Operation Pathway
- Location: Manchester, Liverpool and Lancashire;
- Type: counterterrorism operation

= Operation Pathway =

Operation Pathway was a British counterterrorism operation.
The operation first came under public scrutiny when details of its activities were accidentally released in April 2009.

The name of the operation, and at least some of its details were inadvertently revealed when Assistant Commissioner for Special Operations Robert Quick was photographed entering Number 10 Downing Street with classified documents in plain sight.
The operation was hurriedly executed after the security breach resulting in a dozen arrests of suspects of Pakistani origin in northwest England near Manchester, Liverpool and Lancashire.
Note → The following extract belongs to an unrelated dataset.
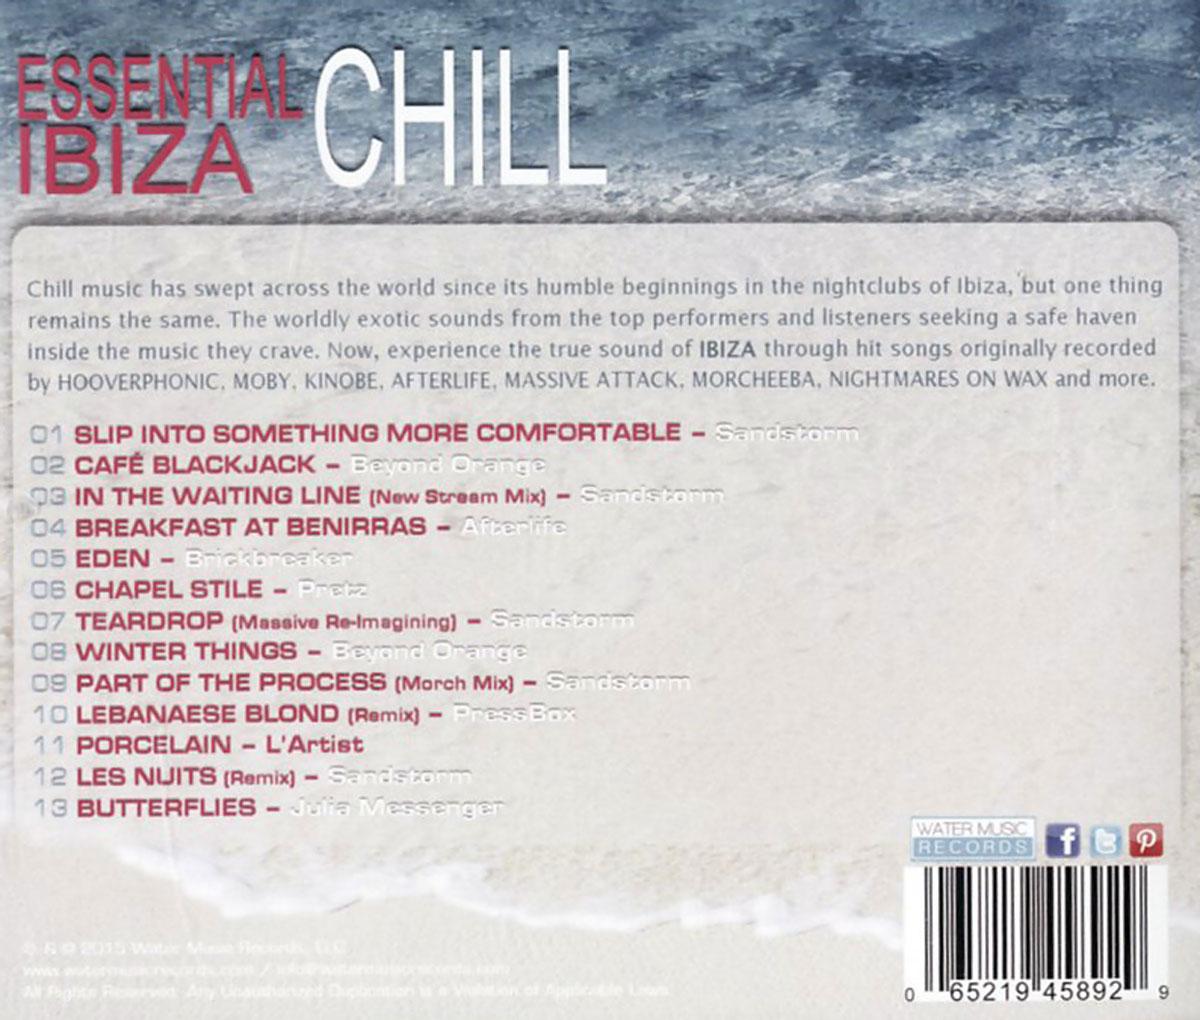 Essential Ibiza Chill Water Music Records, LLC
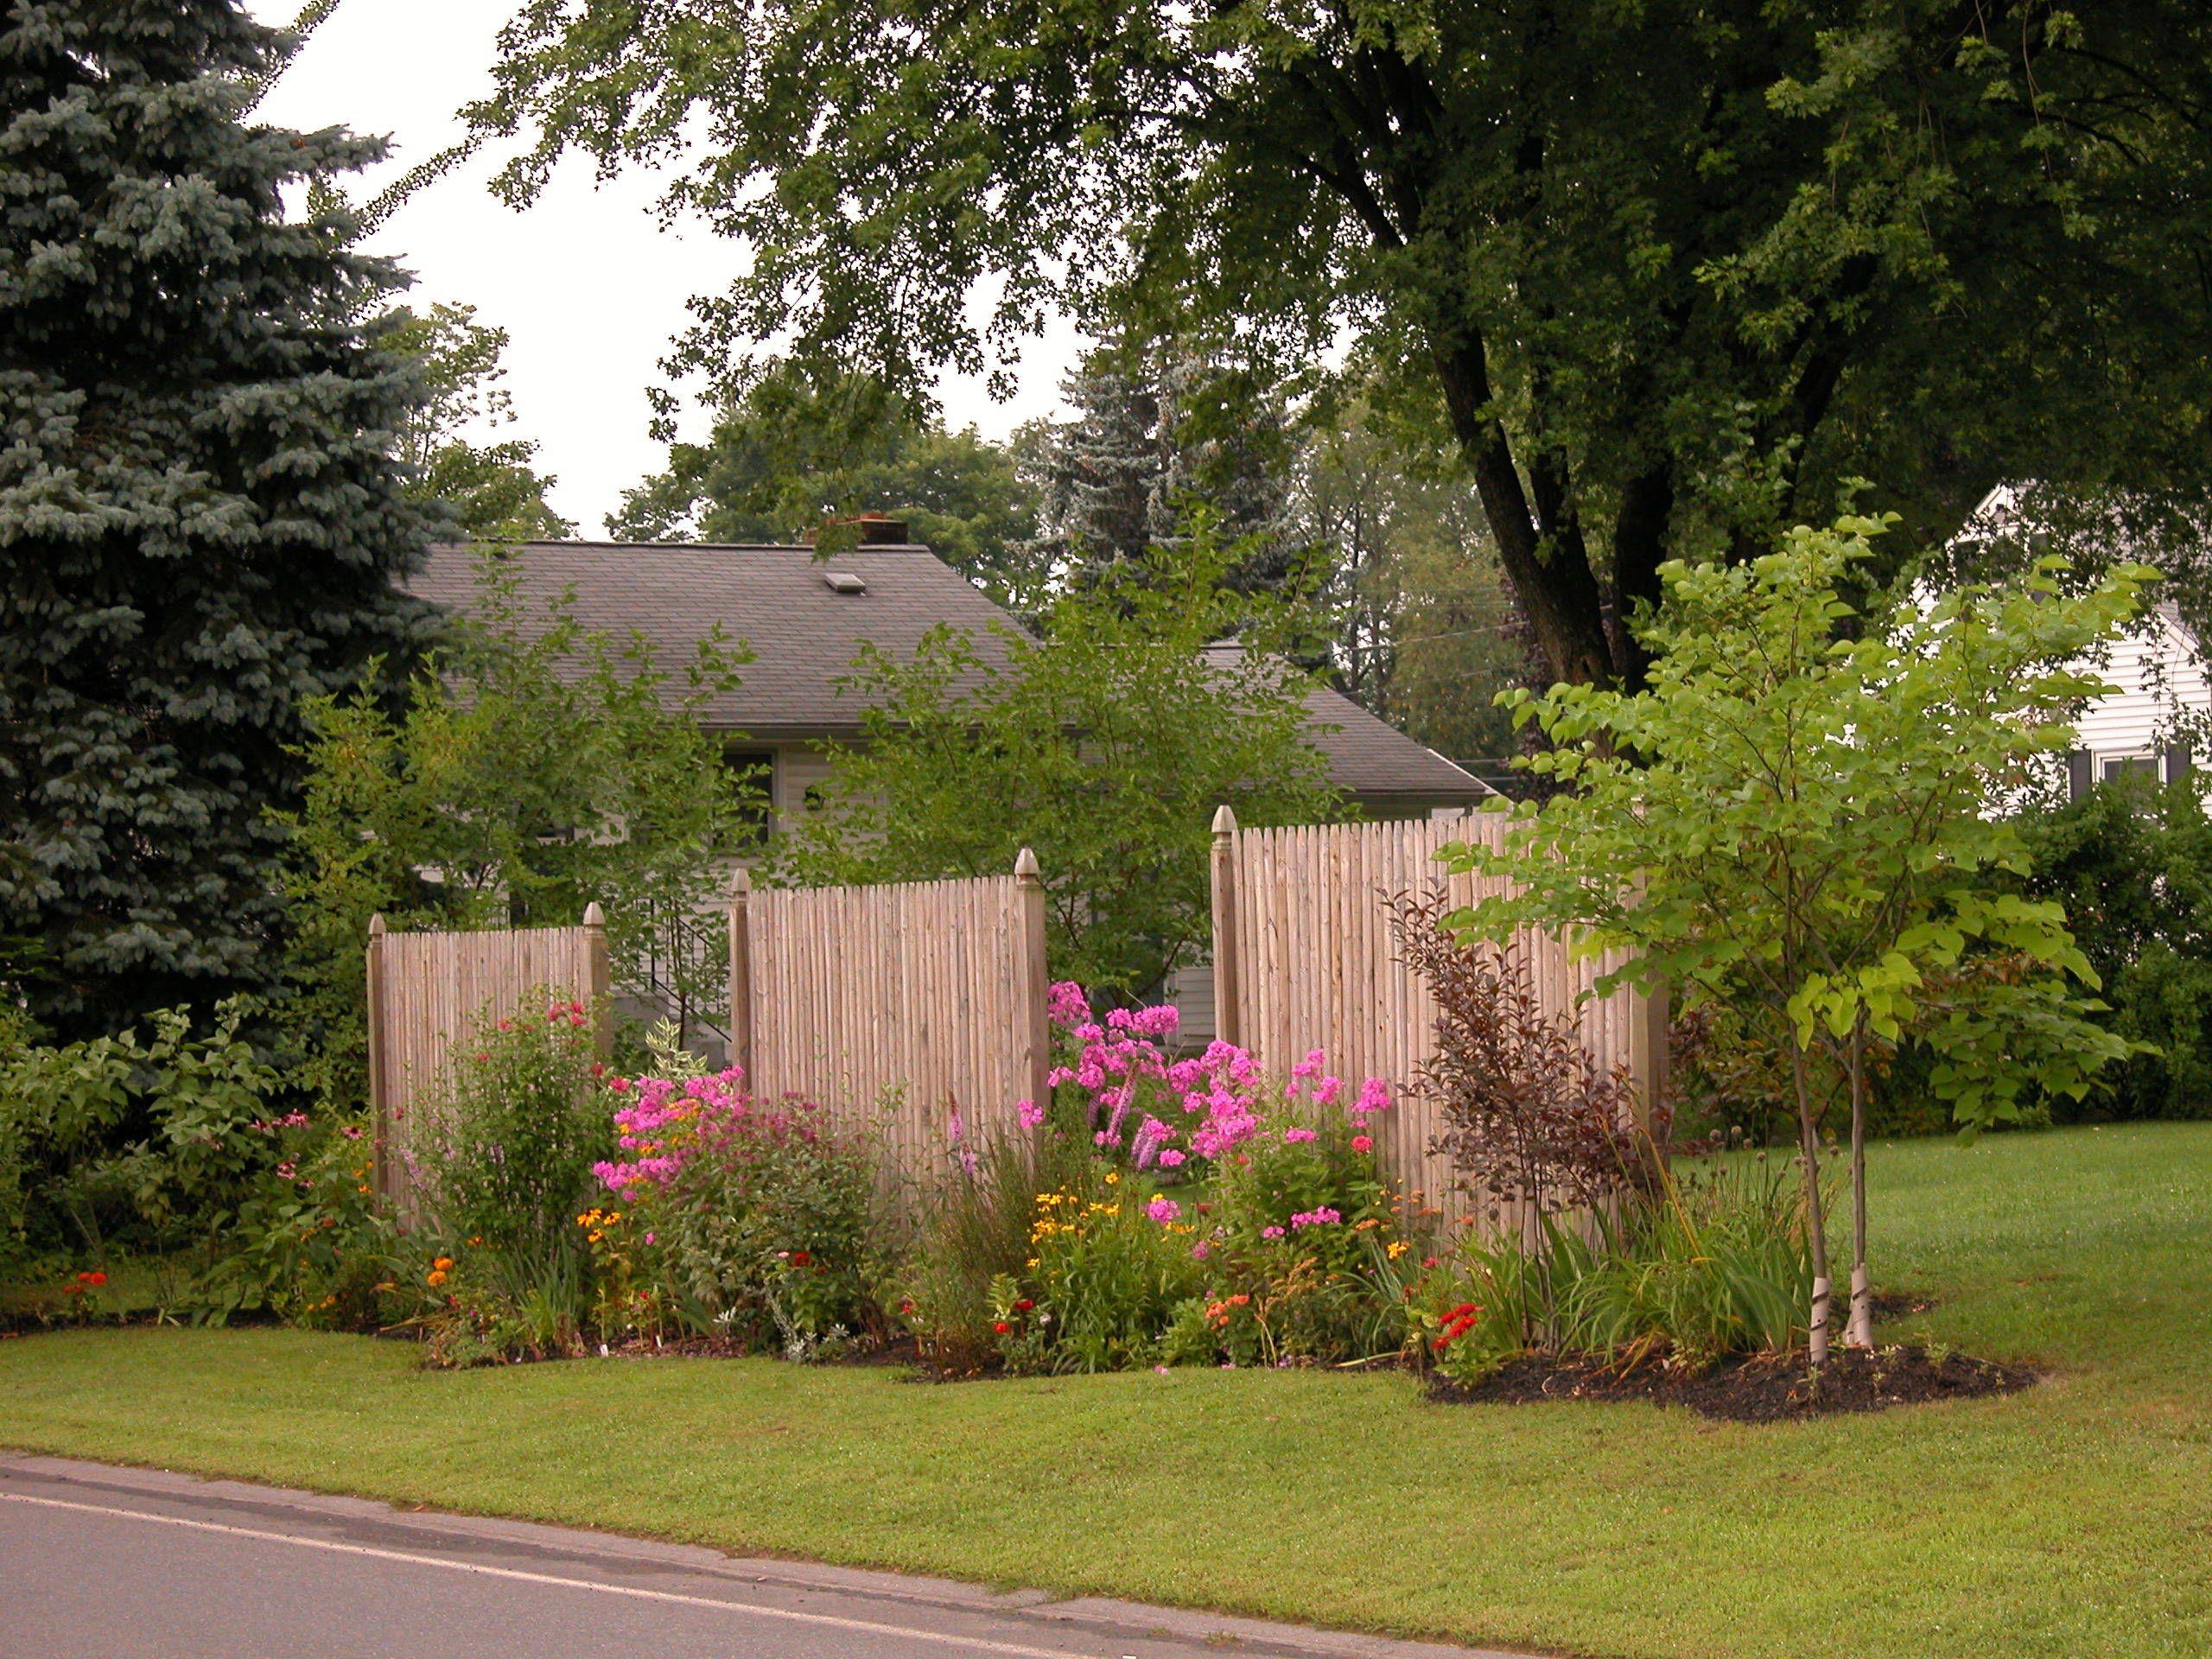 designing a small garden | pinterest | backyard privacy, small

Quick resigned on 9 April.

The operation continued following Quick's resignation.
On November 9, 2009 The Telegraph reported that the operation produced the tip that lead American security officials to place Najibullah Zazi under investigation.
British security officials were reported to have intercepted an email from a Pakistani planner to Najibullah Zazi containing instructions on how to conduct his attack.
Najibullah Zazi was alleged to have begun to implement a plan to set off bombs in New York City on the 2009 anniversary of Al Qaeda's WTC attacks on 9-11.
His plan was described as the most serious plan against the USA since 9–11.